VGGFace is a model that is utilized for face recognition and is adaptable for emotion recognition tasks. It is well known for its high accuracy in recognizing facial features. Although the model is not specifically trained on children’s datasets, it can be employed for tasks involving multiple emotions, and finetuning for children is trivial. The model’s architecture, characterized by a large size, makes it suitable for capturing intricate facial expressions. If Unity Integration is required, some custom implementation based on Unity’s ML-Agents or other compatible frameworks must be used.

2. Facenet

Facenet was uniquely designed for face recognition and offers adaptability for emotion recognition through fine-tuning its last layers. Facenet achieves high accuracy with a moderately large model size. It also lacks specific training on children datasets, and custom implementation is needed for Unity integration. The number of emotions it can recognize is adaptable based on fine-tuning, making it versatile for different tasks.

Accuracy: 0.55
ROC: 0.9

3. ResNet

ResNet (specifically ResNet-50 or ResNet-101), is also a popular choice for emotion recognition. It can be fine-tuned to adapt to specific emotion recognition tasks just like facenet.

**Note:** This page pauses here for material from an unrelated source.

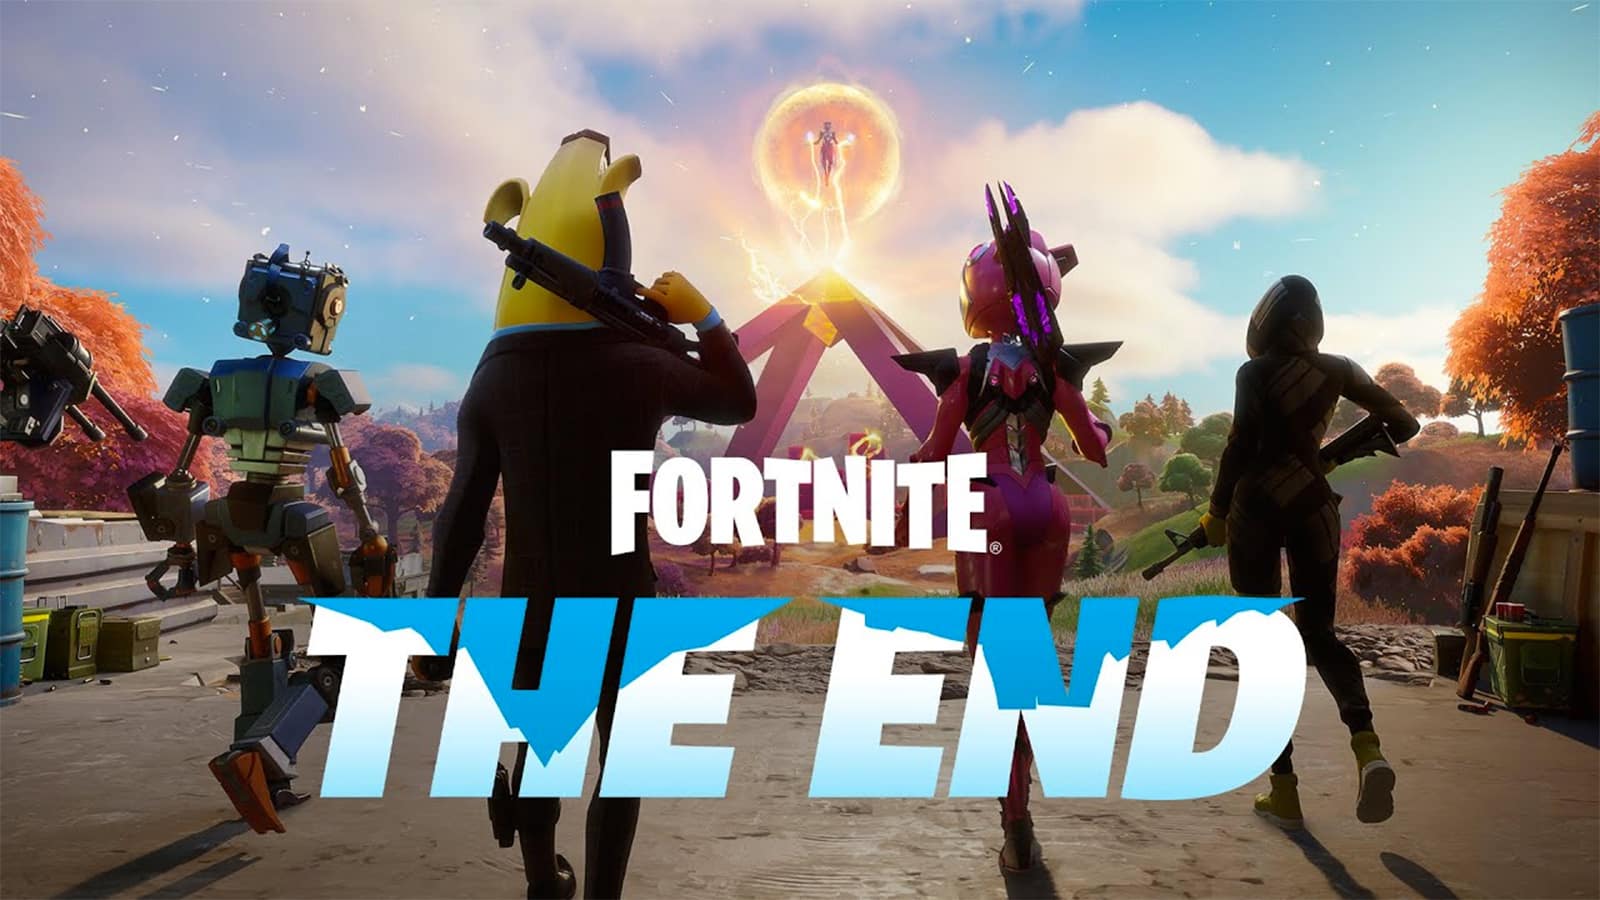 A loading screen teasing the end of Chapter 2 and the beginning of Fortnite Chapter 3

It has a large model size and high accuracy. Furthermore, ResNet requires custom implementation for Unity integration. While not specifically trained on children’s datasets, it is nonetheless easily adapted and therefore suitable for our purpose.

Accuracy: 0.64
ROC: 0.95

Model Comparison & Selection

Based on the above metrics, ResNet outperforms both VGGFace and Facenet in terms of the accuracy and ROC score. This is an indication of better performance in identifying the correct emotion. Facenet performs better than VGGFace but still lags behind Resnet. Thus we choose Resnet to be used for the emotion expression module.